15 Jan, 2018

Grupo Hepatológico Transmontano cria rede para tratar doenças do fígado

O Grupo Hepatológico Transmontano junta as unidades de saúde dos distritos de Bragança e Vila Real para um trabalho em rede de diagnóstico e tratamento das doenças do fígado, que possuem uma prevalência preocupante neste território.

O projeto junta o Centro Hospitalar de Trás-os-Montes e Alto Douro (CHTMAD), a Unidade Local de Saúde (ULS) do Nordeste e os agrupamentos de centros de saúde dos dois distritos.

É um “grupo pioneiro” no país porque, segundos os promotores, vai trabalhar em rede e juntar conhecimentos, sinergias e doentes, tendo como objetivo também evitar deslocações dos utentes ao litoral.

“As doenças de fígado, em Trás-os-Montes, são algo de muito característico e de muito comum, que possuem uma prevalência muito elevada, principalmente a doença hepática provocada pela álcool”, afirmou à agência Lusa o diretor da unidade de hepatologia do CHTMAD, José Presa Ramos.

O objetivo do projeto, segundo aquele responsável, é criar uma “rede de conhecimento e de partilha” entre as unidades hospitalares de Vila Real e Bragança, de modo a que seja possível tratar o maior número possível de doentes na região, evitando “o calvário” das deslocações para os hospitais do Porto.

O diretor clínico do CHTMAD, João Gaspar, salientou que os médicos dos centros de saúde “estão na linha da frente” da deteção das doenças e por isso, está a ser feito um trabalho de divulgação do Grupo Hepatológico junto dos cuidados de saúde primários.

O tratamento será, depois, uma decisão conjunta entre os especialistas das unidades hospitalares que podem recorrer à videoconferência para discutir os casos, tornando o processo mais rápido.

O projeto visa também uma partilha de meios humanos e tecnológicos, como a radiologia de intervenção do CHTMAD que começará a dar resposta à ULS Nordeste.

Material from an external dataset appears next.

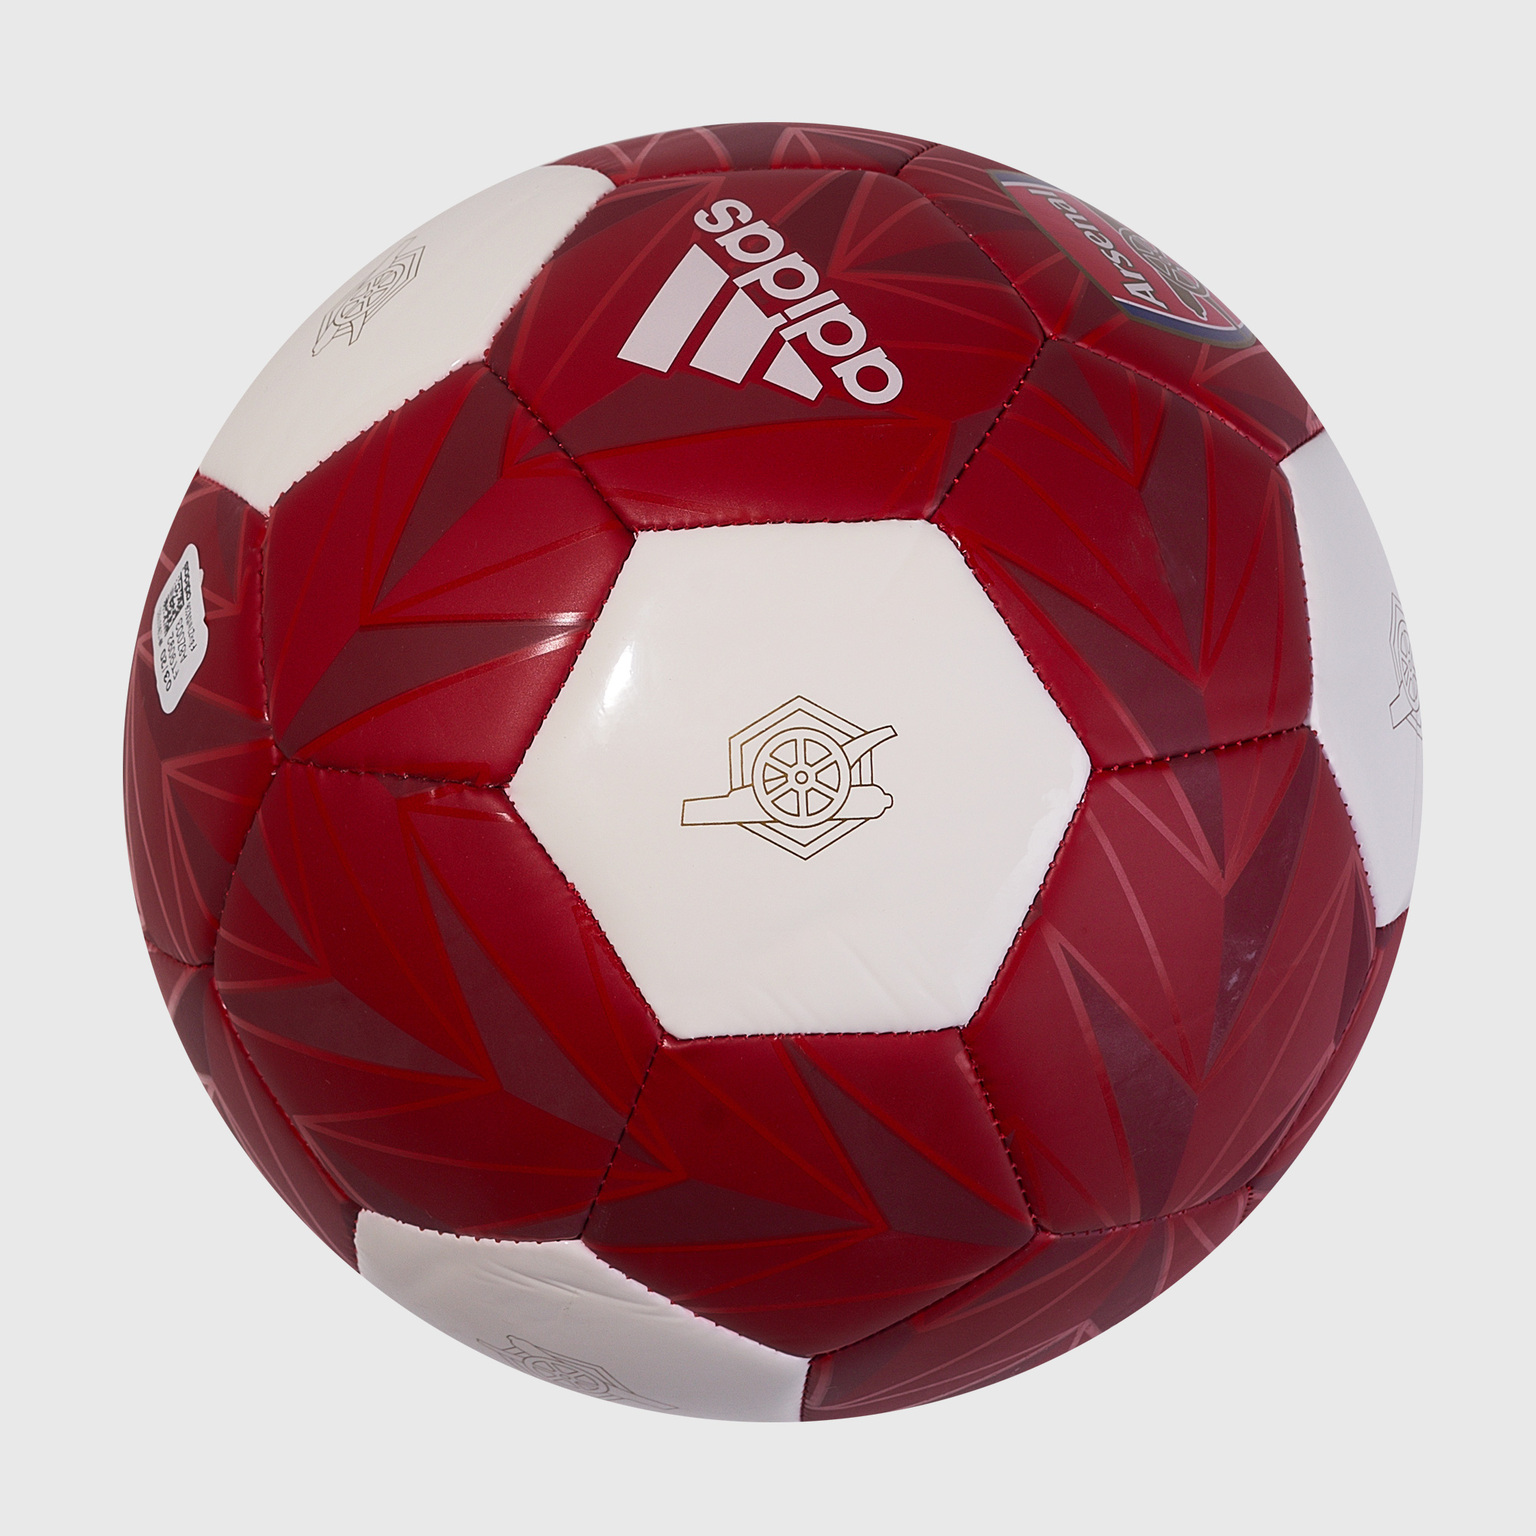 Футбольный мяч Adidas Arsenal FT9092

Eugénia Madureira, diretora clínica dos cuidados hospitalares da ULS do Nordeste, destacou a importância da “colaboração entre instituições” que geograficamente são vizinhas.

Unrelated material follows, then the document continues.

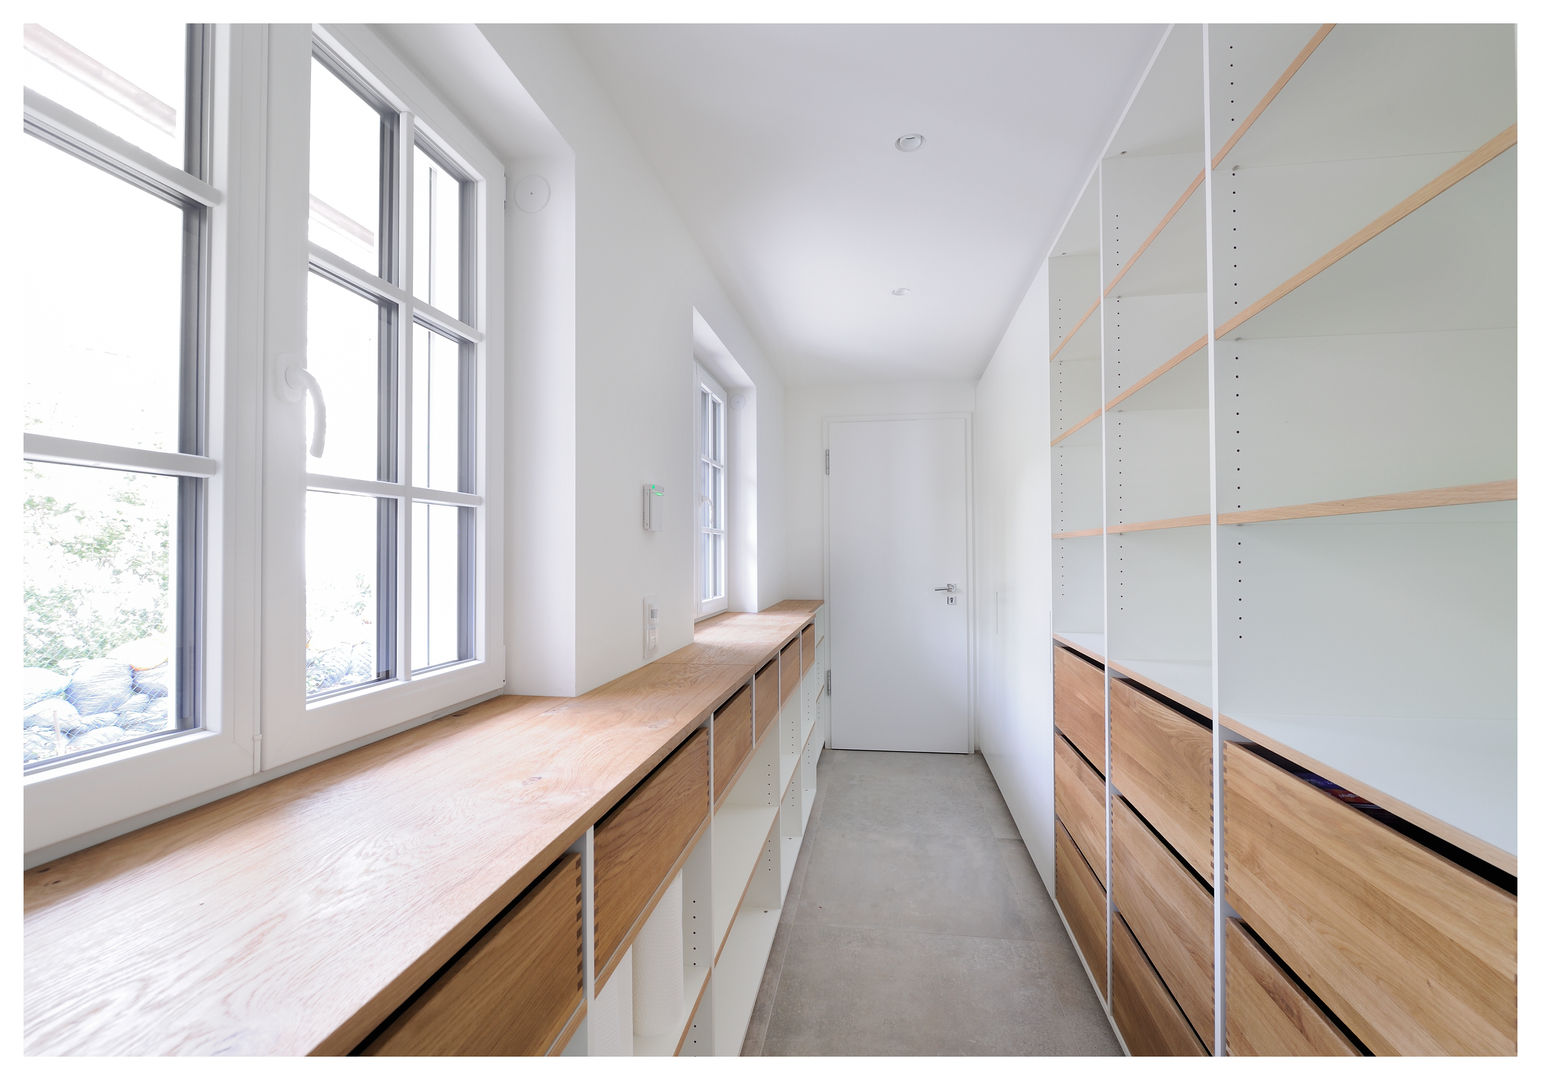 Familienvilla München, Heerwagen Design Consulting Heerwagen Design Consulting Closets de estilo moderno

Entre os aspetos positivos do projeto, a responsável salientou a “partilha de experiências, a discussão de casos e o proporcionar um melhor serviço aos doentes”.

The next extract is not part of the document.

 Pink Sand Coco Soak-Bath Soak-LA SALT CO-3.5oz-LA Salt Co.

“Evitámos muitas vezes deslocações desnecessárias a hospitais do Litoral. Nós temos possibilidade de, na maior parte das situações, resolvermos dentro de Trás-os-Montes. Esse é um dos objetivos, servirmos melhor os nossos clientes”, frisou.

Por fim, elencou ainda o objetivo de “evitar o esvaziamento do interior”. “A ideia é sempre esta, unidos seremos mais fortes ”, sustentou.

Estes são territórios onde se verifica um elevado consumo de álcool e má alimentação, e onde existem ainda quatro estabelecimentos prisionais, dois no distrito de Vila Real e dois em Bragança, cuja população constitui um grupo de risco em relação às hepatites.

Em 2017, foram seguidos 2.500 utentes com doença hepática na unidade do CHTMAD.

João Gaspar afirmou que se pretende criar um “centro de referência da hepatologia à semelhança do que foi feito, por exemplo, para a área oncológica”.

“É um universo grande de doentes e é o desiderato da própria Organização Mundial de Saúde fazer a erradicação da hepatite C até 2030. Este é o início, uma campanha que estamos a fazer”, salientou.